Of course that doesn’t mean that the Red Roses aren’t currently the best team on the planet. Sure, one game in the Championship – as well as a WXV 1 crown obtained last year – is a small sample size. And on the evidence of that one game in the Championship, England don’t deserve a whole lot of praise. In fact, if we really wanted to give them their dues, they’d be universally lambasted.

Against Italy, Sarah Beckett’s poor discipline and accuracy at the breakdown saw her rightly red-carded on 11 minutes. For most of the piece Lark Atkin-Davies couldn’t find her jumpers at the line-out. Zoe Harrison apparently left her kicking boots at home until deep in the second half.  Emily Scarratt – arguably the best women’s player of all time – served up absolute dross at inside centre, regularly getting in the way of backline moves, scuffing her passes and over-cooking needless cross-field kicks that floated out on the full.

Were it not for the brilliance of Ellie Kildunne at full-back, or the injection of class supplied by Holly Aitchison, England might have boarded a flight home with an embarrassing loss to their name.

Except that’s not true. No side in Europe can touch England. Their players have been moulded in a fully professional ecosystem for far longer than any of their competitors. They play in by far the best league in the world. Their supporters are passionate, knowledgeable and growing. Young girls can look to them and imagine themselves embarking on a career as a professional rugby player.

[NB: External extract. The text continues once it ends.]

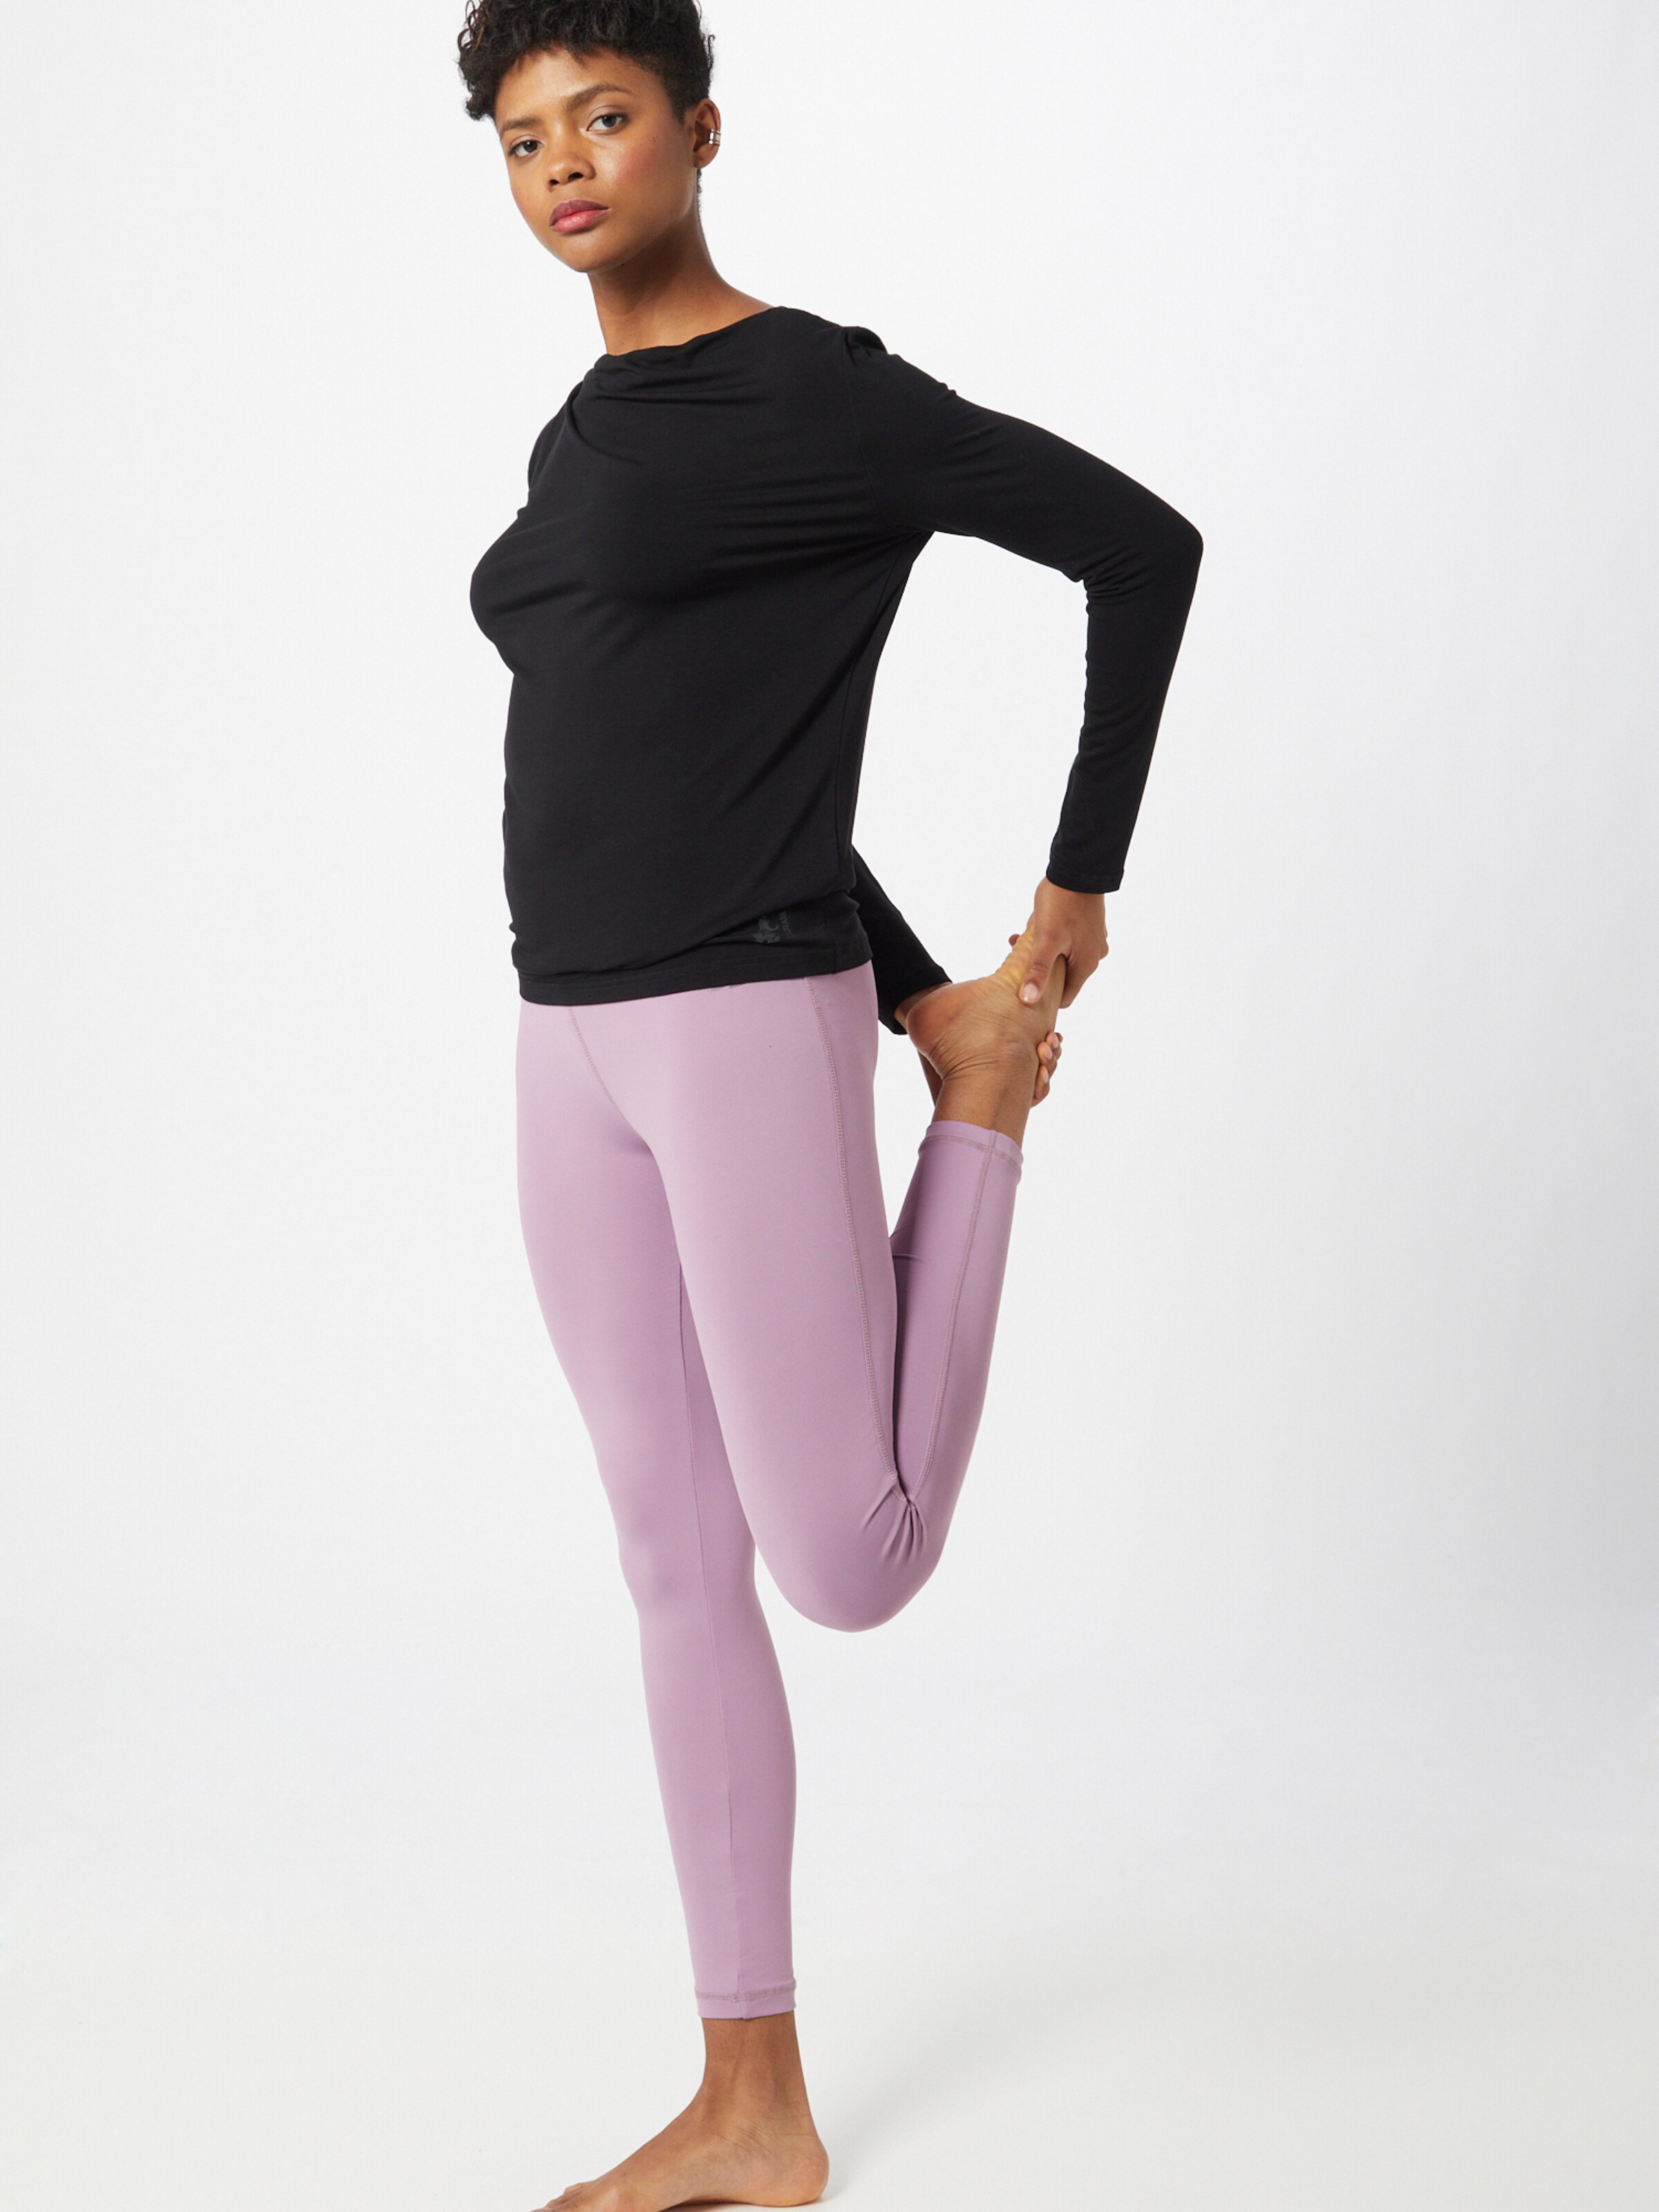 Frauen Sportbekleidung CURARE Yogawear Shirt in Schwarz - EM07679

Italy are a long way behind on all metrics. Which is why England’s disjointed display should be downgraded further.

Fixture

Womens Six Nations

England Women’s

Wales Women’s

This might come across as overly harsh. The side has a new coach in John Mitchell. He’s an experienced tactician and will enter a home World Cup in 2025 as the favourite to raise the trophy. But this is his first tilt with a women’s side. Mitchell will have to adjust the way he communicates. For all their similarities there are still a few nuanced differences between the men’s and women’s games and the Kiwi coach will learn on the job.

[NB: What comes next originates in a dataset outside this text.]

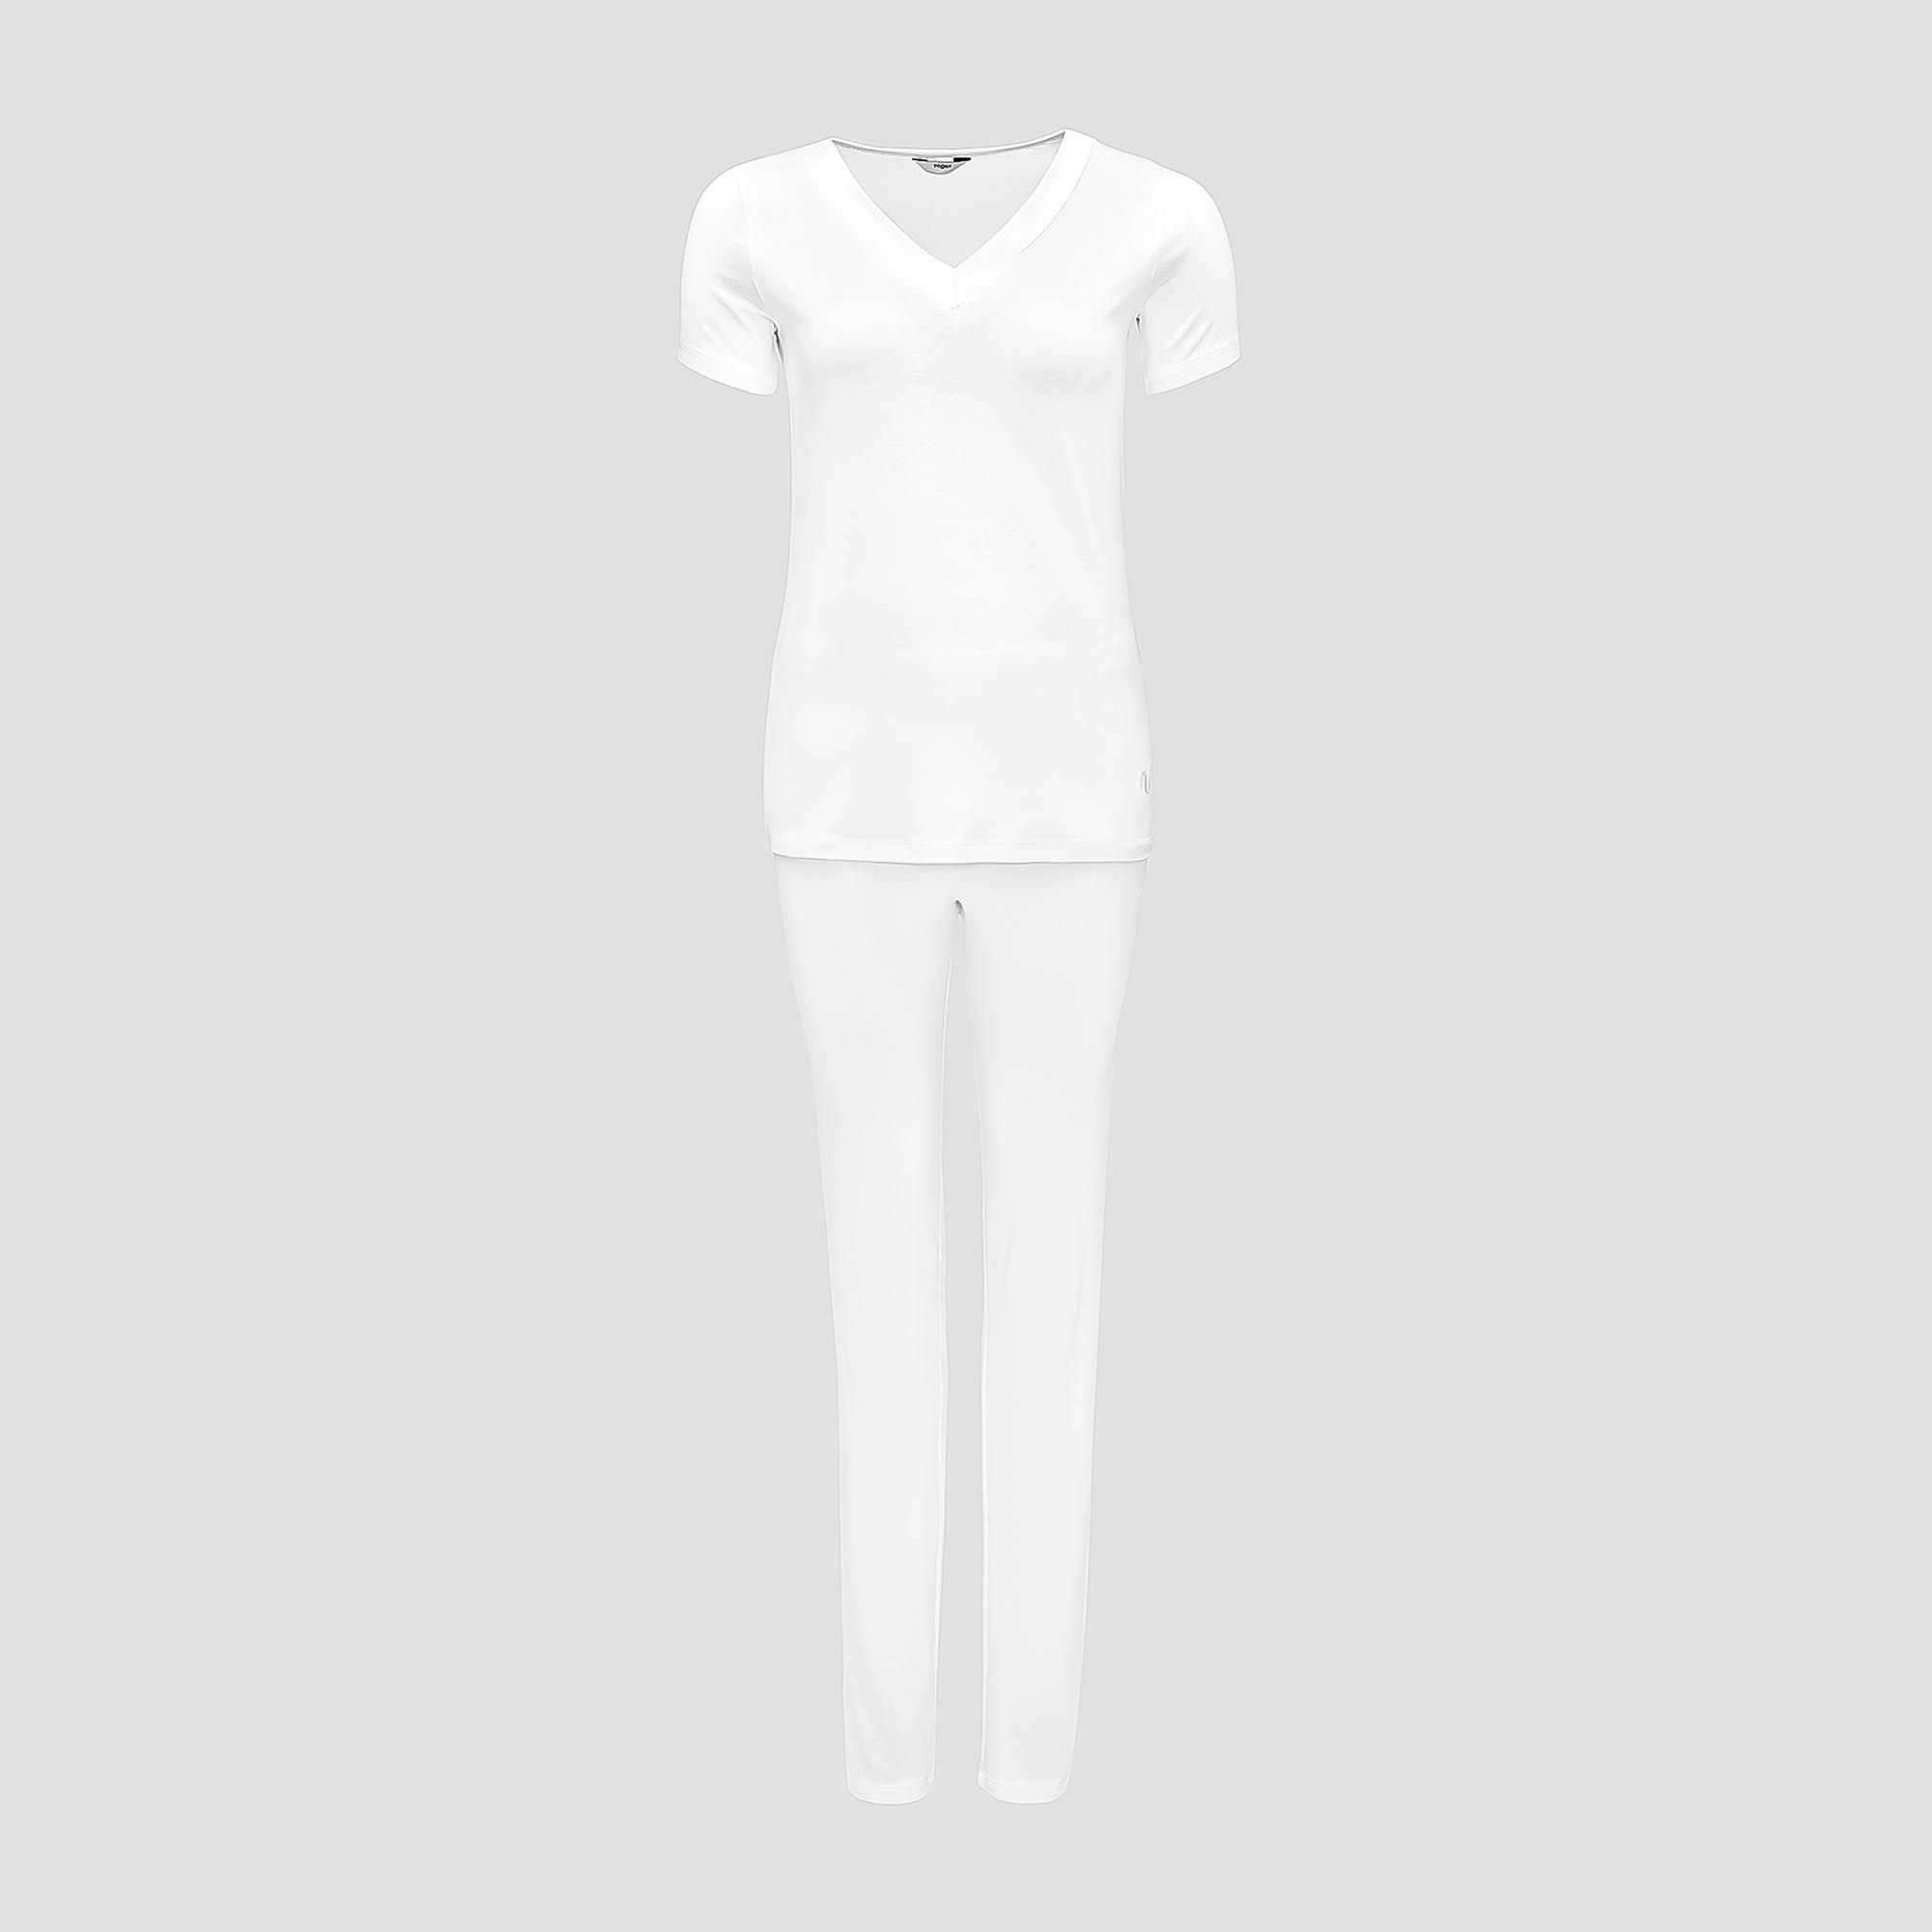 Пижама Togas Ингелла белая женская S(44) 2 предмета пижама сорочка брюки

Then there’s the loss of Sarah Hunter. Not only did her dynamism in the loose provide England go-forward – though 22-year-old Sadia Kabeya may yet have an even higher ceiling – the absence of Hunter’s leadership must be having an impact.

Marlie Packer is a titan. She’s as inspirational as Winston Churchill and as destructive as a tsunami. But those are big shoes to fill. Maybe even Packer needs a bit of time to bed in.

Monye isn’t entirely wrong. England are potentially the best sports team in the world of any gender. But until they wrest the World Cup from New Zealand’s grasp, and until they put together a string of complete performances from start to finish, they don’t deserve the honour.

We need to remove the kid gloves and hold them to a higher standard. It’s what their brilliance deserves.